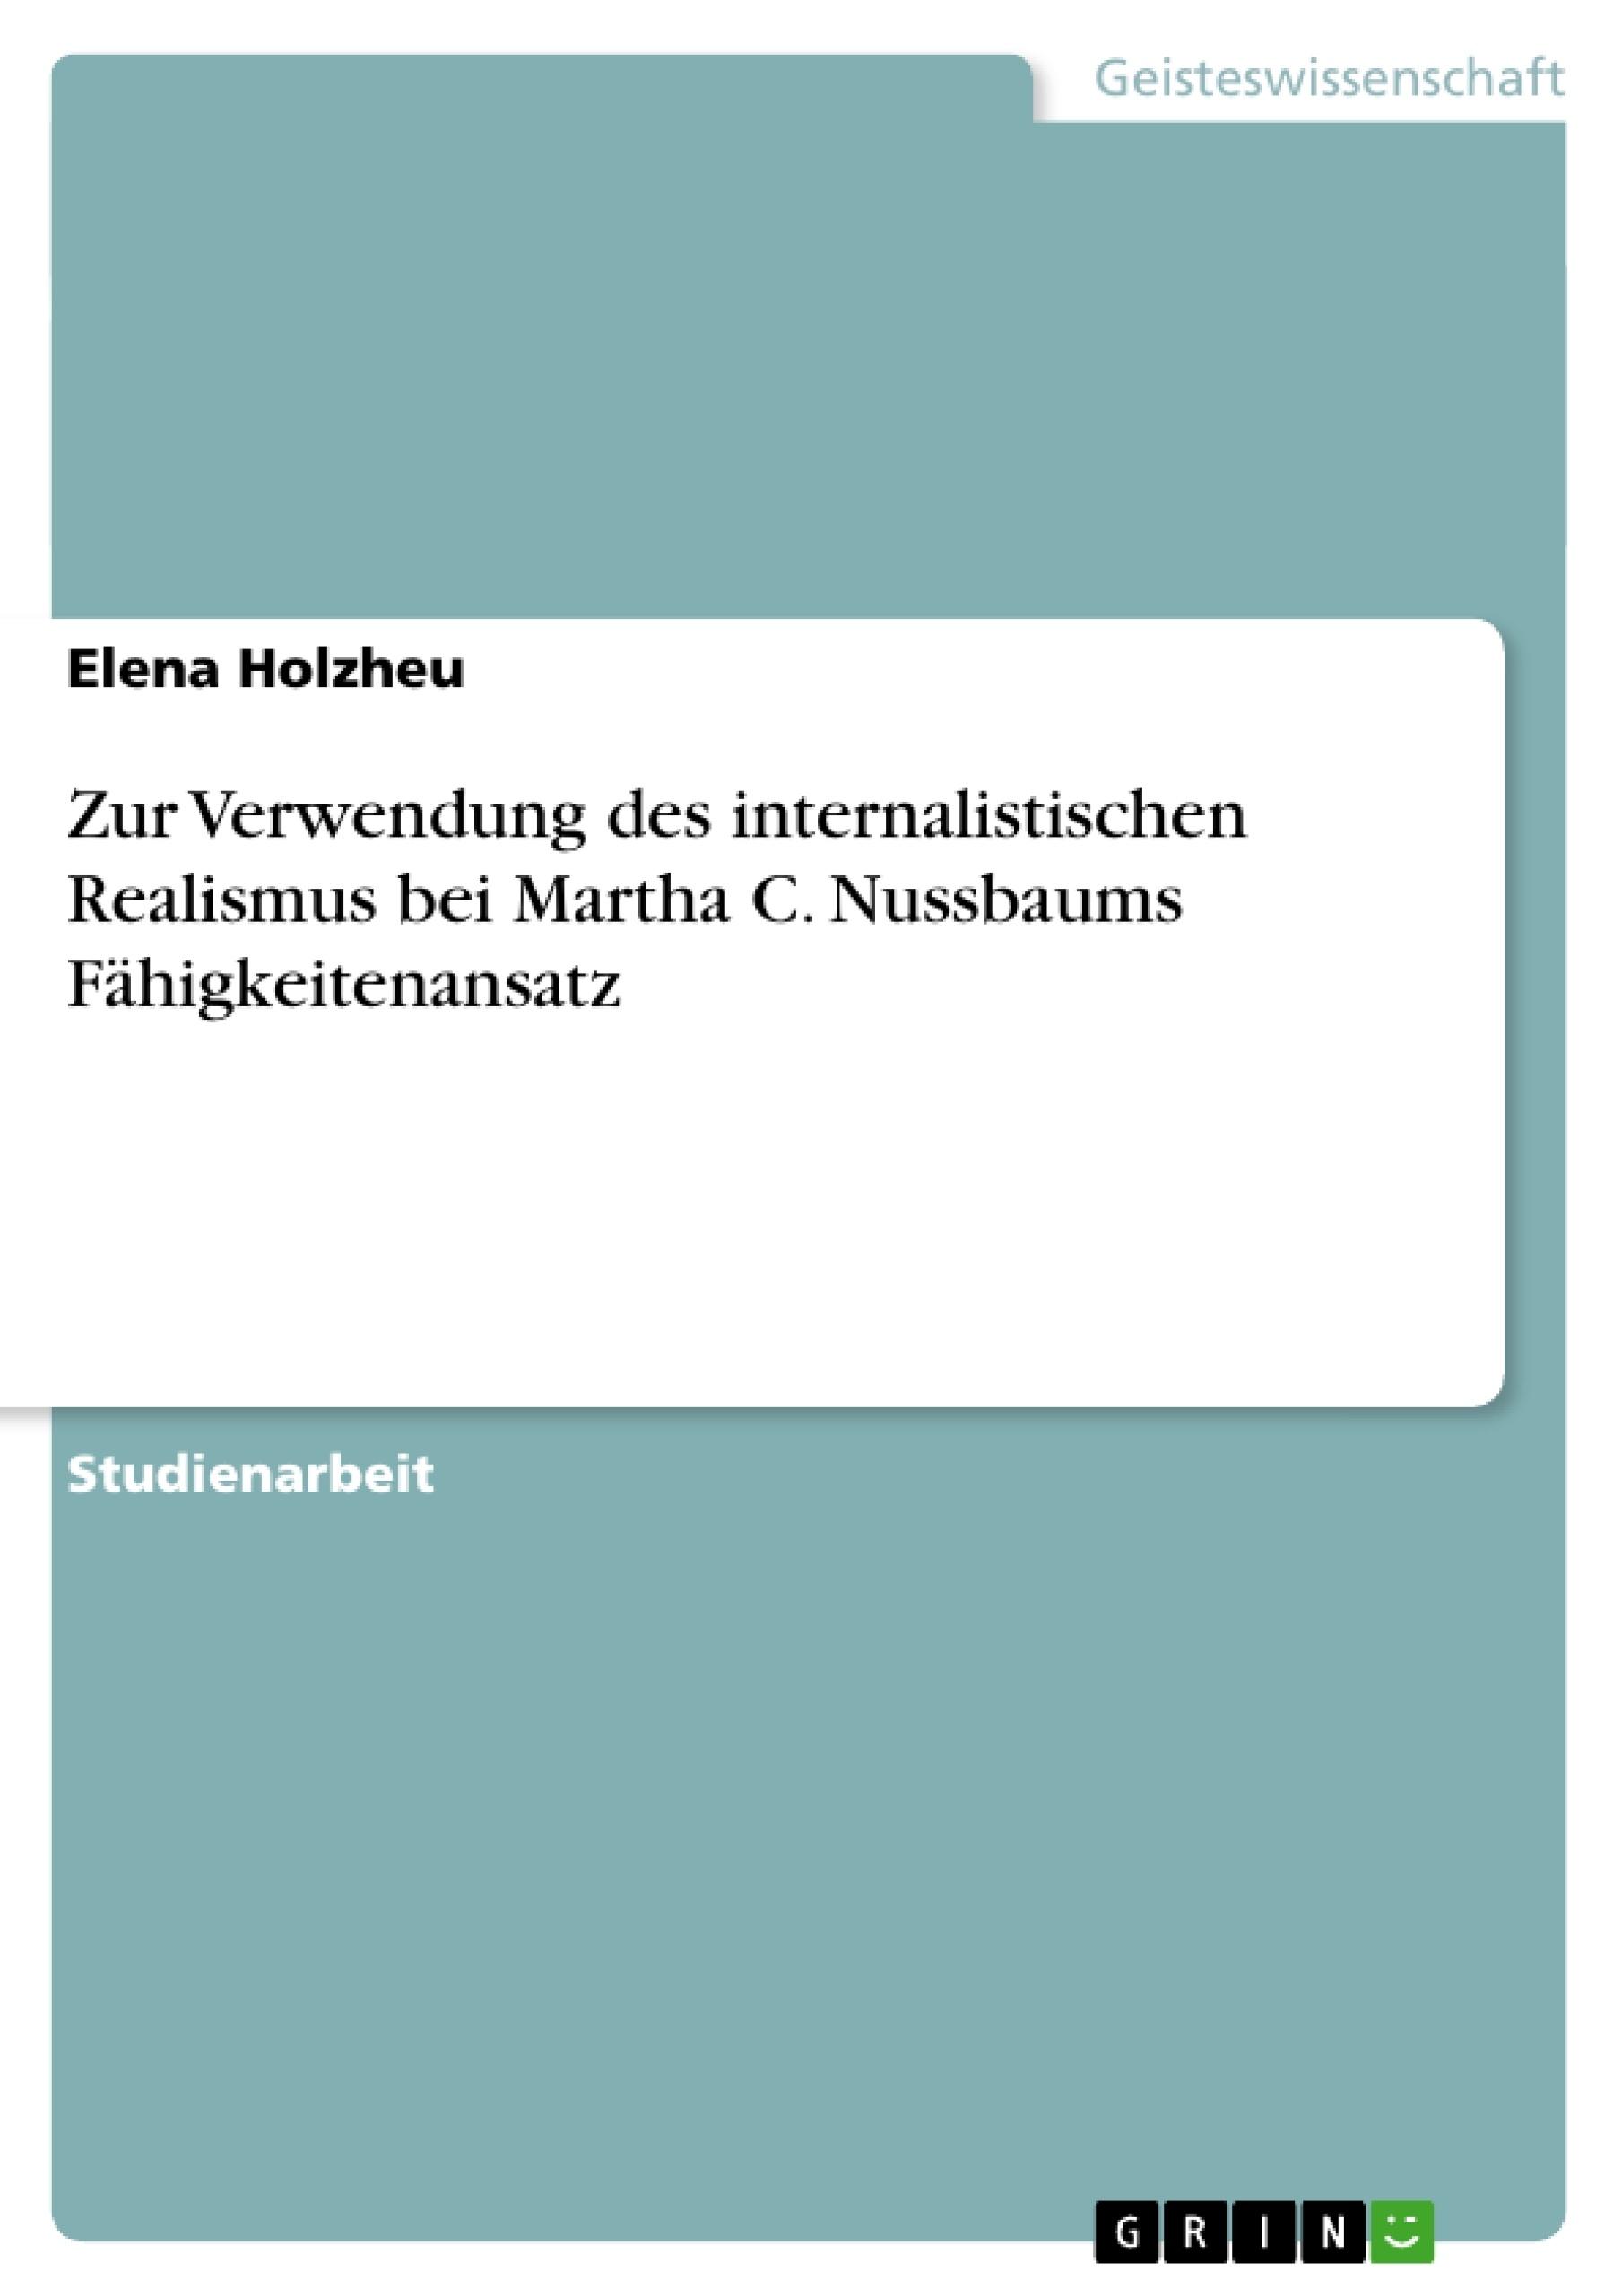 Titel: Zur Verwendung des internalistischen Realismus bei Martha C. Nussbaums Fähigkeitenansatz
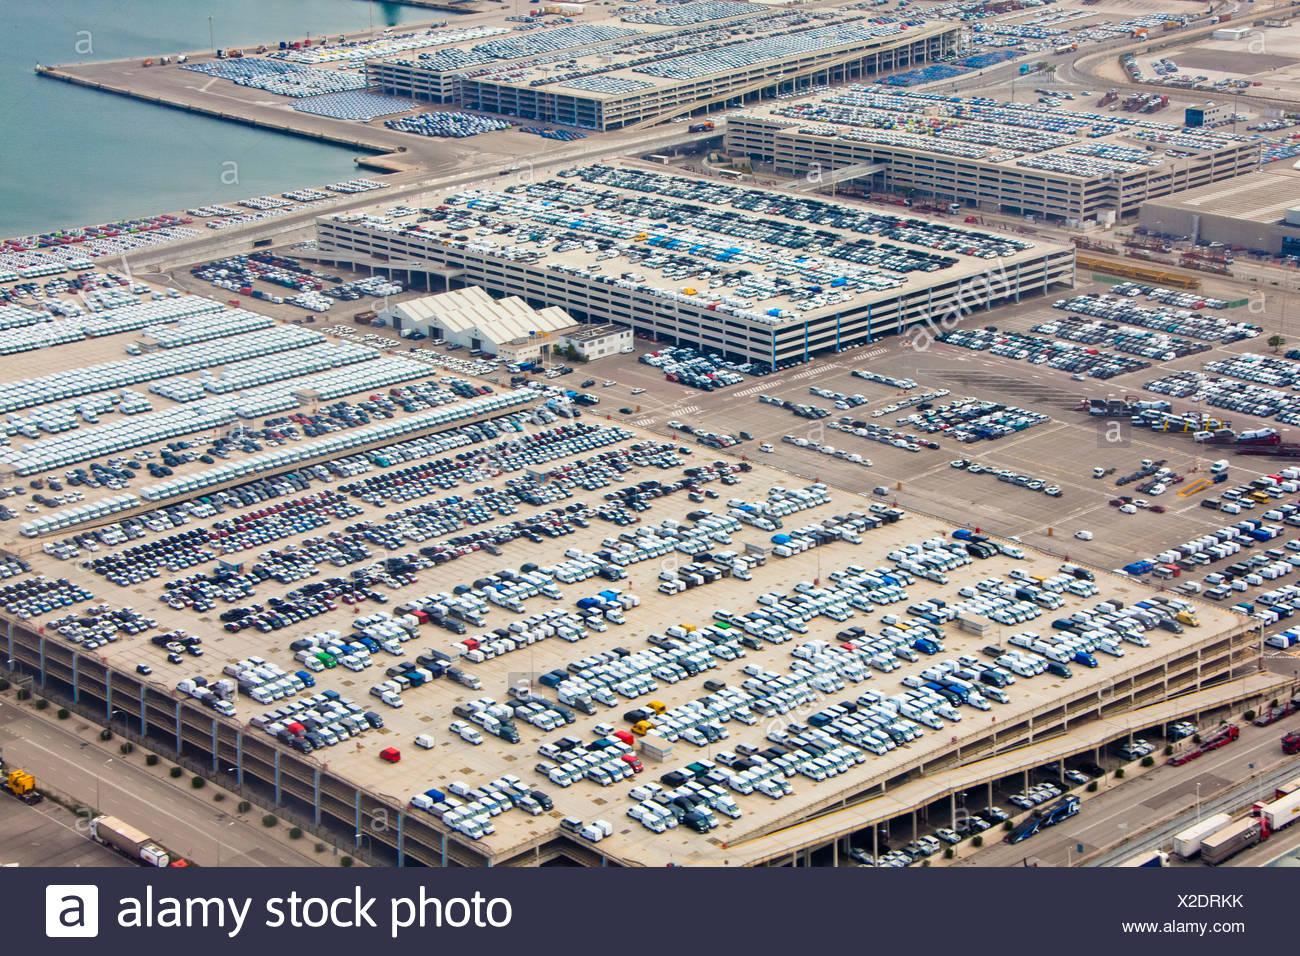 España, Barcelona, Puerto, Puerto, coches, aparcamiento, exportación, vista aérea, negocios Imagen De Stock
========
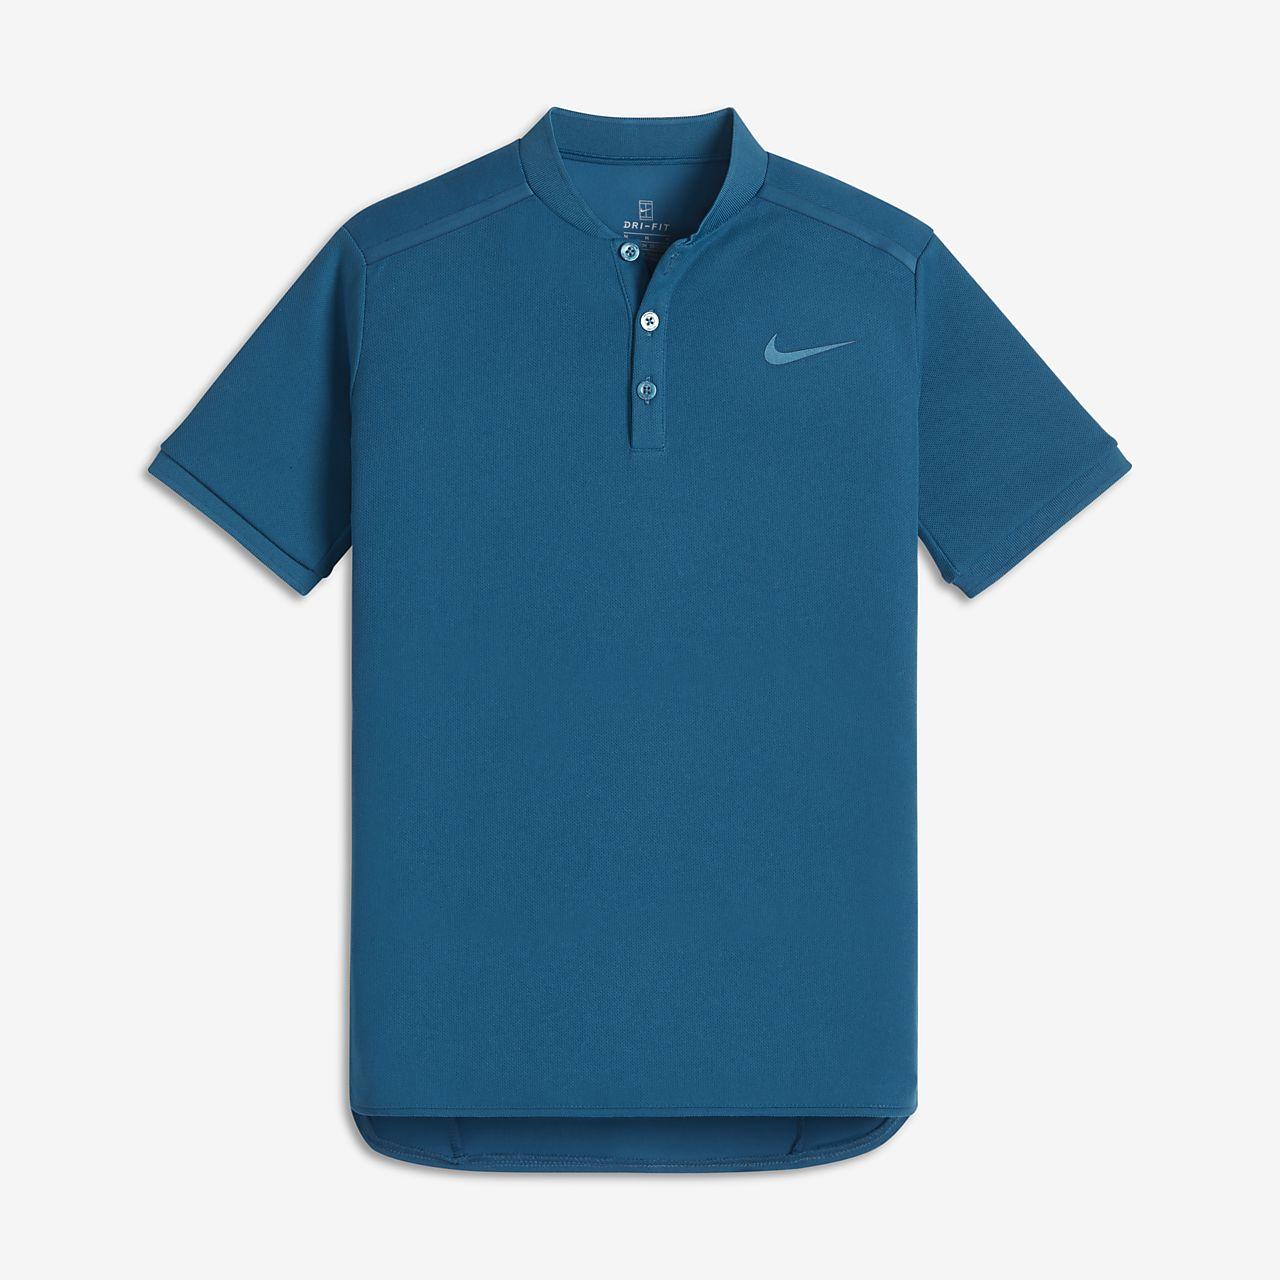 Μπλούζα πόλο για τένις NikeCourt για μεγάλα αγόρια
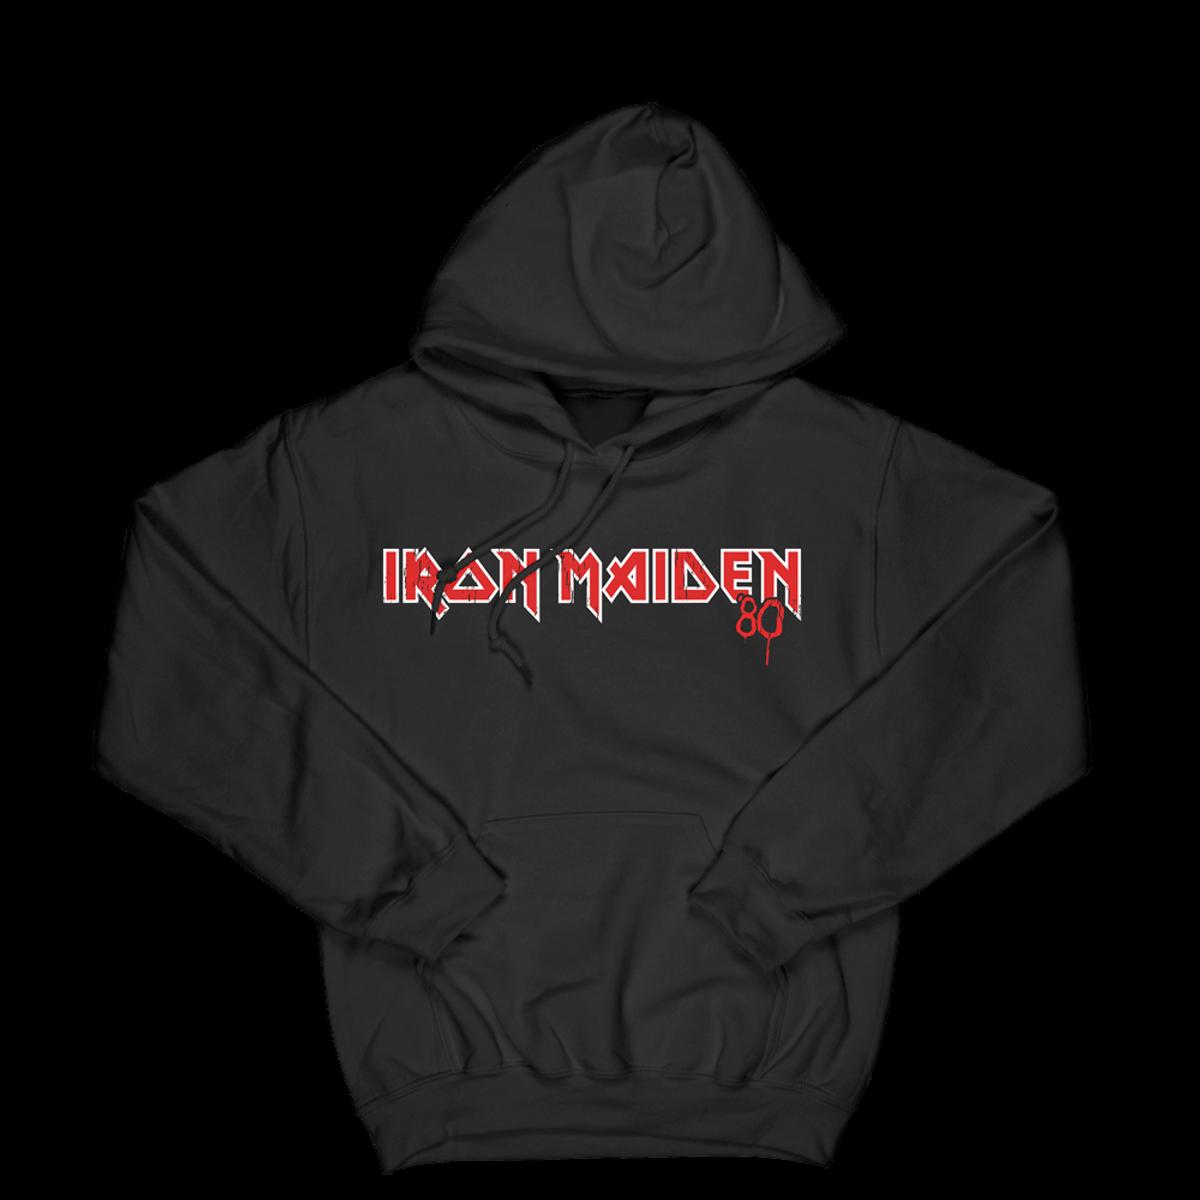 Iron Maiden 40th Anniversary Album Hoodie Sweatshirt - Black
========
## Task details
Although the records hold pictures, the copy must not; give again exactly the lines from the one with "Titel: Zur Verwendung" through the one with "Imagen De Stock".

## Answer section
 Titel: Zur Verwendung des internalistischen Realismus bei Martha C. Nussbaums Fähigkeitenansatz
 España, Barcelona, Puerto, Puerto, coches, aparcamiento, exportación, vista aérea, negocios Imagen De Stock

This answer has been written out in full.